"Le sentiment de la pudeur dans l’homme n’est qu’un produit de son imagination."
(Moritz)
« L’éveil du printemps » écrite par Frank Wedekind « de l’automne 1890 à Pâques 1891 » est
une oeuvre particulièrement visionnaire. La crise d’identité, d’appartenance, de croyance et un
profond isolement sociétal sont les signes de notre actualité.
L’histoire a une fâcheuse tendance à se répéter, vivant son propre chemin, sans fin et sans retour
non plus.
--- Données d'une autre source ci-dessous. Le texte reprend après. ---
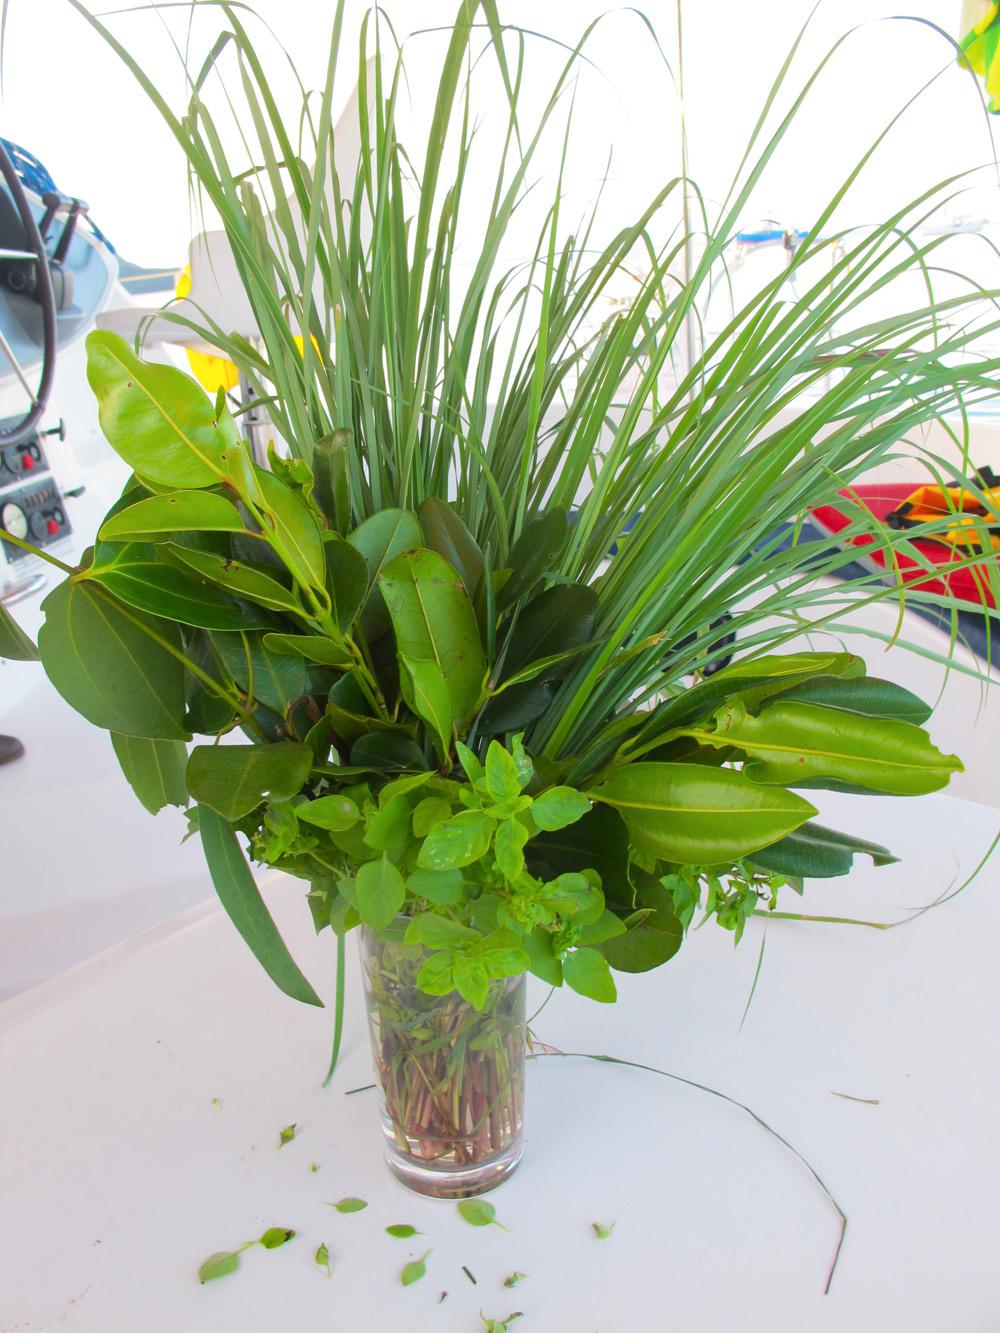 my wonderful wild herbs courtesy of Uncle Sam
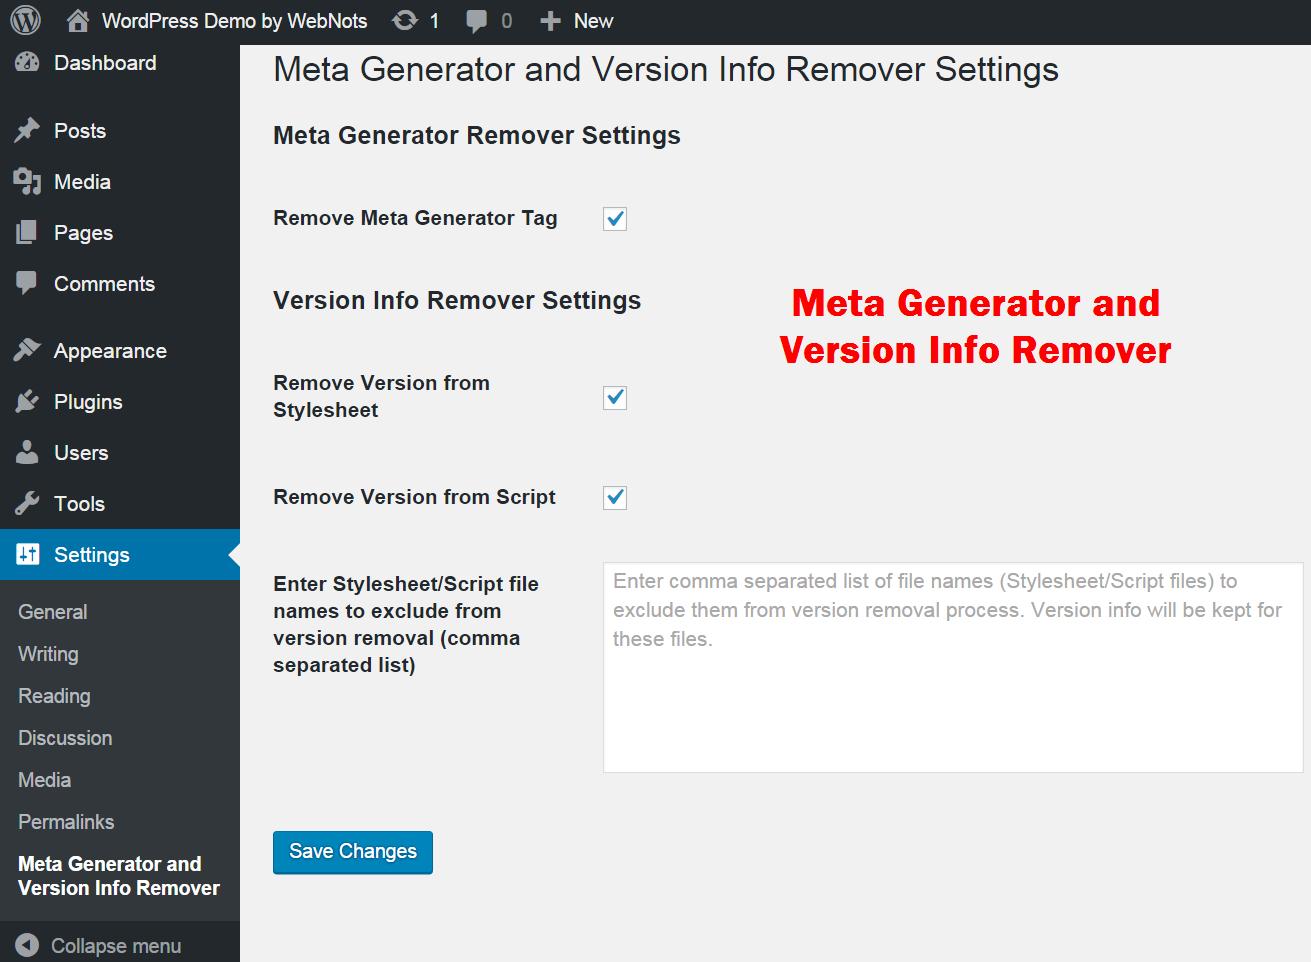 Meta Generator and Version Info Remover

Ce n’est qu’un éternel recommencement d’une la mise à mort.
Le devoir d’artiste est d’exhumer ses propres souvenirs, même les plus cauchemardesques.
Les avouer.
Les revivre.
Les déterrer.
A chacun de nous ensuite, de réanimer son propre adolescent égaré sur un banc d’écolier.
L’espace de jeu de cette pièce devrait rester vide ou presque, pour laisser la place à notre
mémoire sélective et inconsciente.
La seule et unique installation est un étrange objet métallique, structuré, morcelé en dizaines
de tiroirs tous identiques et uniformes. Cet immense mur pénitentiel fera sentir sur le plateau
la névrose palpable derrière ses murs silencieux. Comme un gigantesque grenier du monde où
seront scellés nos souvenirs les plus inavouables.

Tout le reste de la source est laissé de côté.